HW 01 - Data wrangling and visualization

due Wed, Sep 16 at 11:59p

The goal of this homework assignment is to apply everything you’ve learned over the past few weeks. The exercises in this homework are intentionally more open-ended than ones you’ve seen previously in the course. They are similar to the types of exercises you may see in the exam in that they require you to think holistically about all that you’ve learned. Please refer to previous labs and lectures, and application exercises for code examples as you complete the assignment.

Make sure to have at least three (3) commits for this homework assignment, and don’t forget to give your code chunks meaningful names!

Clone assignment repo + start new project

Packages

In this assignment we will work with the tidyverse package as usual.

library(tidyverse)

Lego sales

We have (simulated) data from Lego sales in 2018 for a sample of customers who bought Legos in the US. The dataset is called lego_sales and can be found in the data folder in your repo. You can find descriptions of each of each of the variables in the data set here.

lego_sales <- read_csv("data/lego_sales.csv")

Answer the following questions using pipes (%>%) and the tidyverse functions we’ve discussed. For each question, show your code and output and state your answer in a sentence, e.g. “The first three common names of customers are …”.

  1. What are the three most common first names of customers?

  2. What are the three most common themes of lego sets purchased?

  3. Among the most common theme of lego sets purchased, what is the most common subtheme?

Hint: Use the case_when() function.

  1. Create a new variable called age_group and group the ages into the following categories: “18 and under”, “19 - 25”, “26 - 35”, “36 - 50”, “51 and over”. Be sure to save the updated data set so you can use the new variable in other questions.

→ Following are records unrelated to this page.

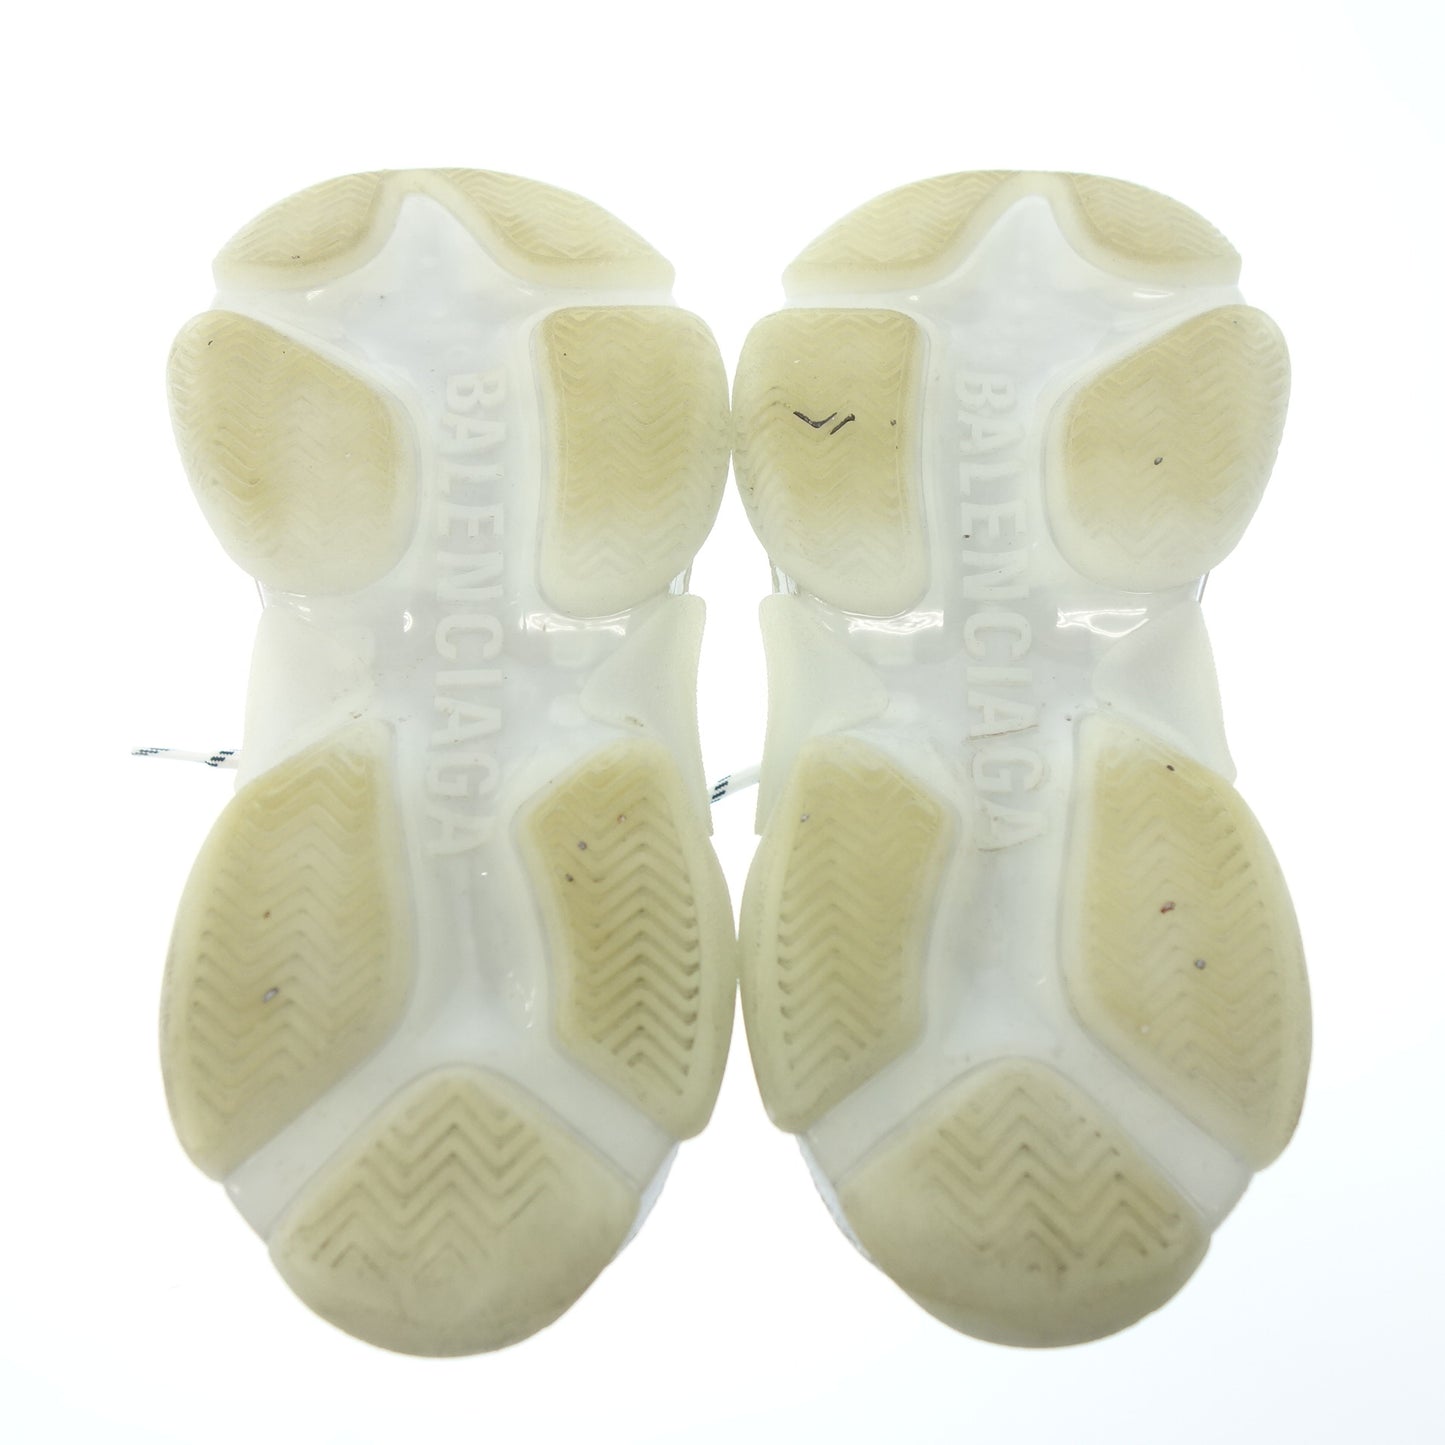 Good condition ◆ Balenciaga lace-up sneakers mesh triple S men's white size 24.5cm BALENCIAGA [AFC27] 
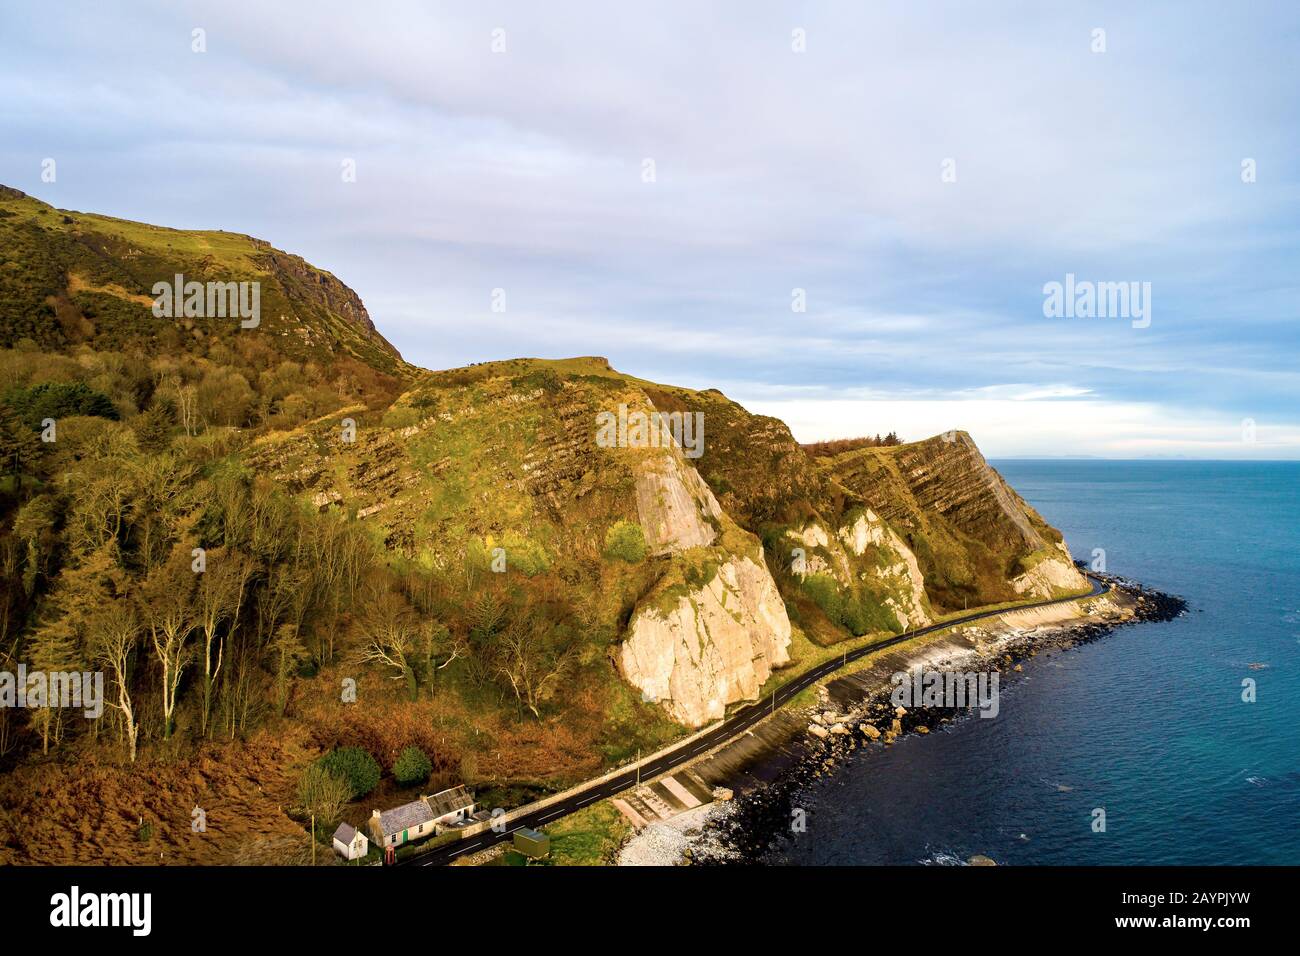 Nordirland, Großbritannien. Atlantikküste. Cliffs und Antrim Coast Road, auch bekannt als Causeway Coastal Route. Eine der landschaftlich schönsten Küstenstraßen Europas. Aer Stockfoto
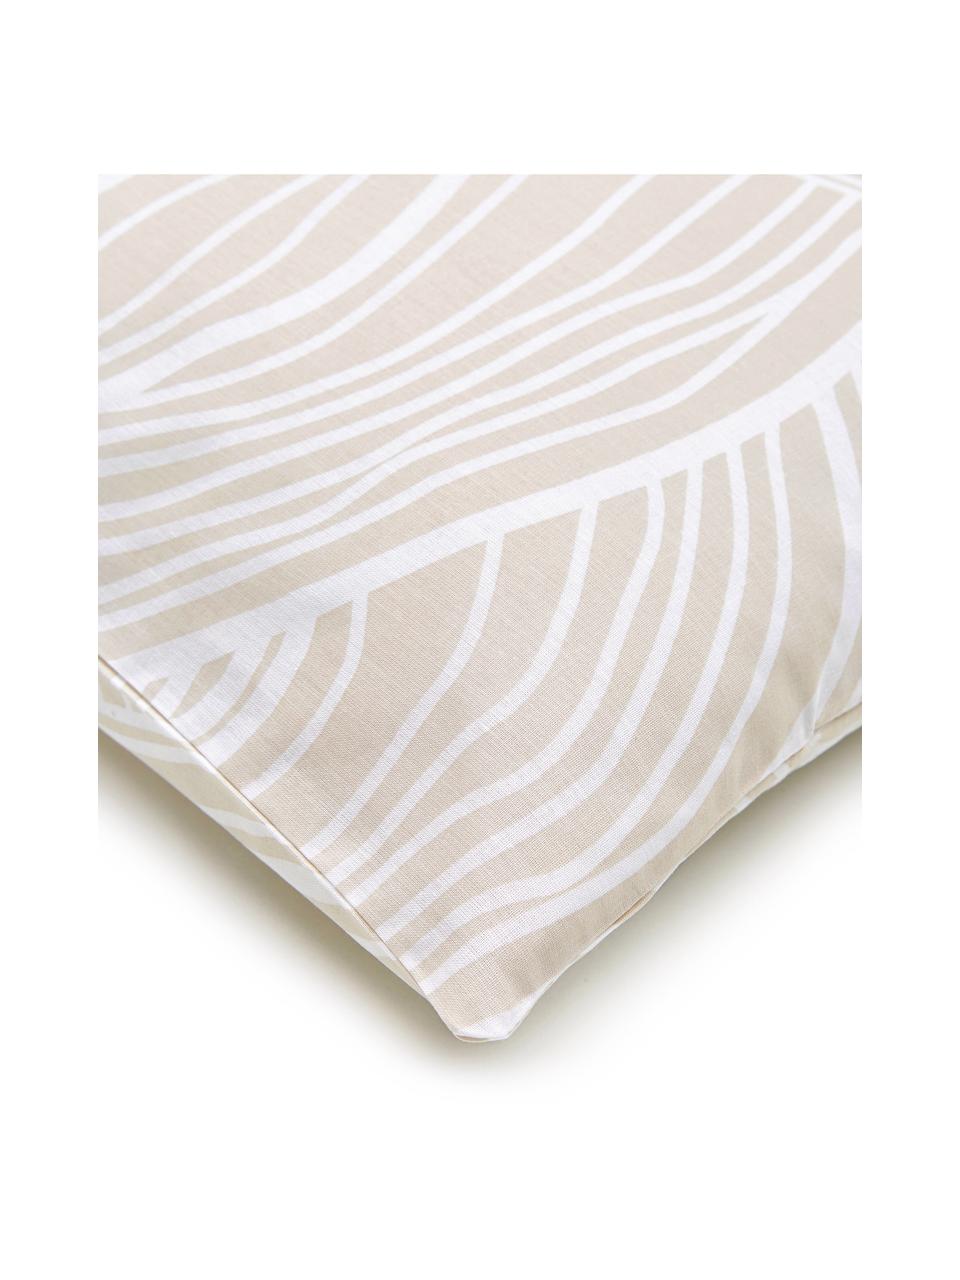 Poszewka na poduszkę z bawełny Korey, 2 szt., Beżowy, biały, S 40 x D 80 cm
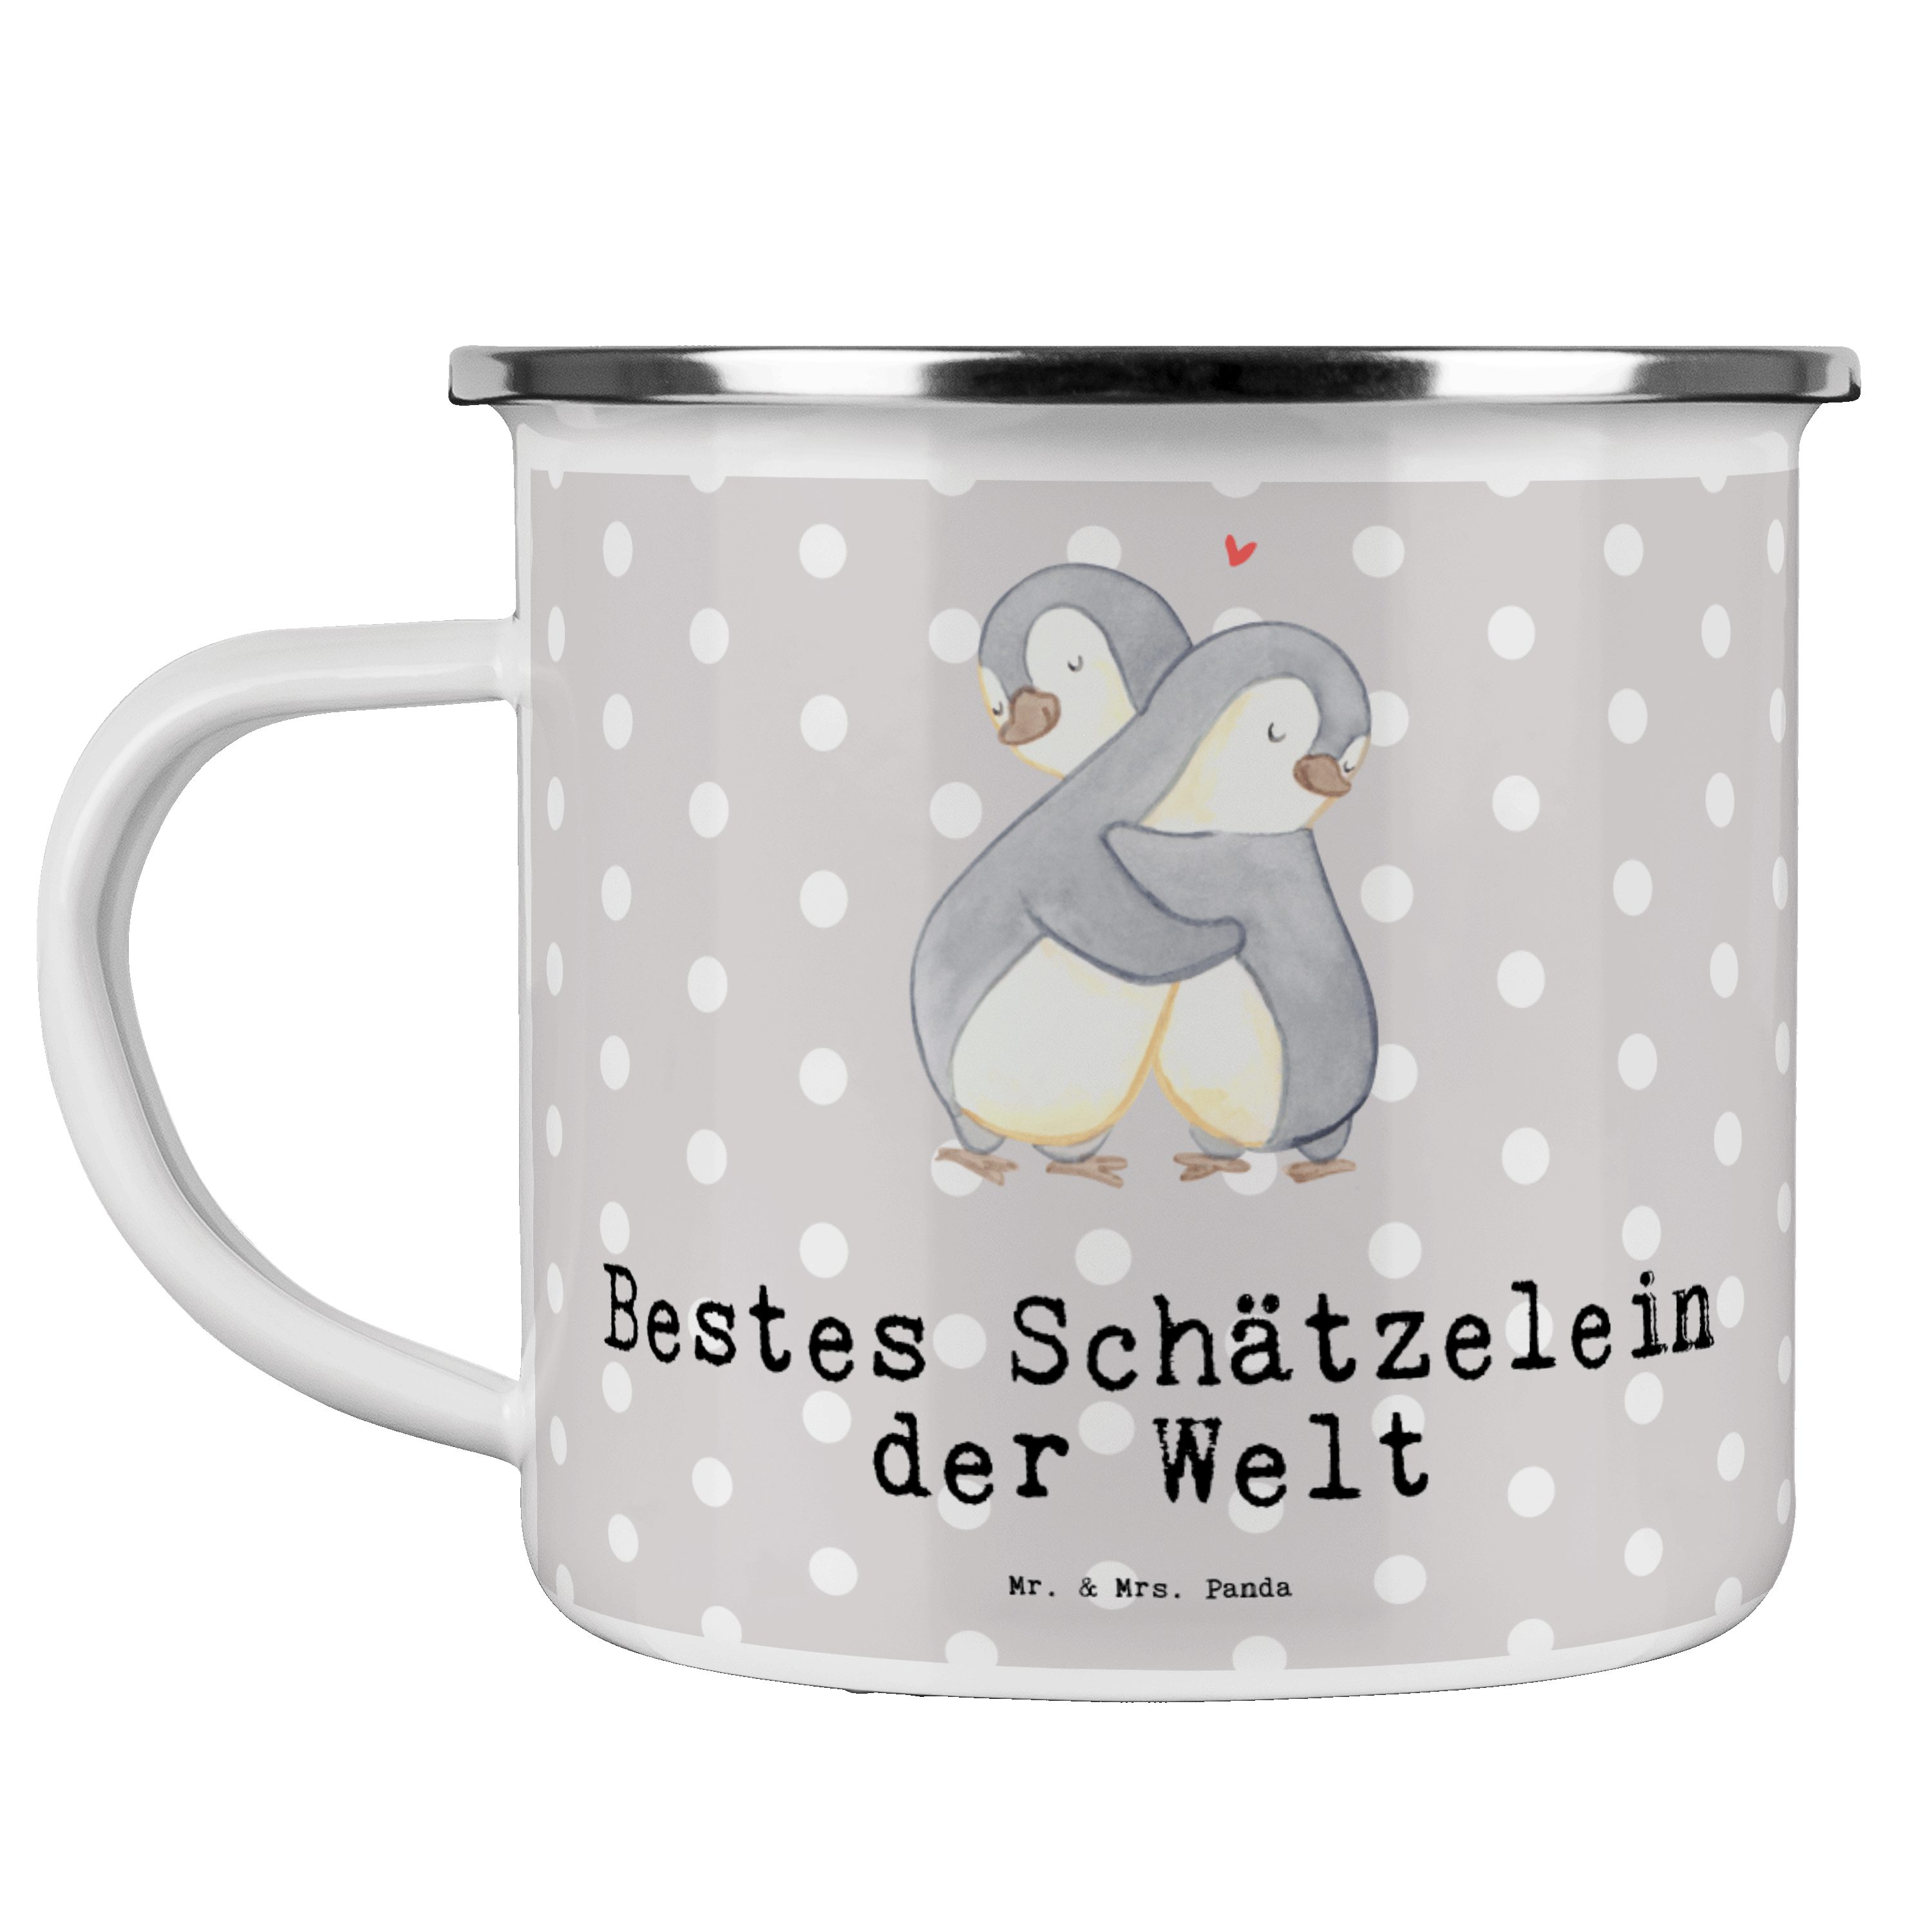 & Grau Pastell Panda Schätzelein - Emaille - Geschenk, Bestes Mr. Pinguin Welt Mrs. Metall, der Becher

  2. What is the probability a randomly selected customer

    • is in the 19 - 25 age group?
    • is in the 19 - 25 age group and purchased a Duplo theme set?
    • is in the 19 - 25 age group given they purchased a Duplo theme set?

Hint: You will need to consider quantity of purchases.

  1. Which age group has purchased the largest number of lego sets? How many did they purchase?

Hint: You will need to consider quantity of purchases as well as price of lego sets.

  1. Which age group has spent the most money on legos? How much did they spend?

  2. Come up with a question you want to answer using these data, and write it down. Then, create a data visualization that answers the question, and briefly explain how your visualization answers the question.

For inspiration, check out The Evolution of a ggplot, Ep(1) by Cédric Scherer.

  1. Add one element to the plot from the previous exercise to change the look of the plot without changing the underlying data. For example, you can change the theme, background color, add annotations, etc. State the change you’re making and display the updated visualization. We encourage you to be creative!

Submission

Knit to PDF to create a PDF document. Commit all remaining changes, and push your work to GitHub. Make sure all files are updated on your GitHub repo.

Please only upload your PDF document to Gradescope. Before you submit the uploaded document, mark where each answer is to the exercises. If any answer spans multiple pages, then mark all pages. Make sure to associate the “Overall” section with the first page.



This lab was adapted from Data Science in a Box.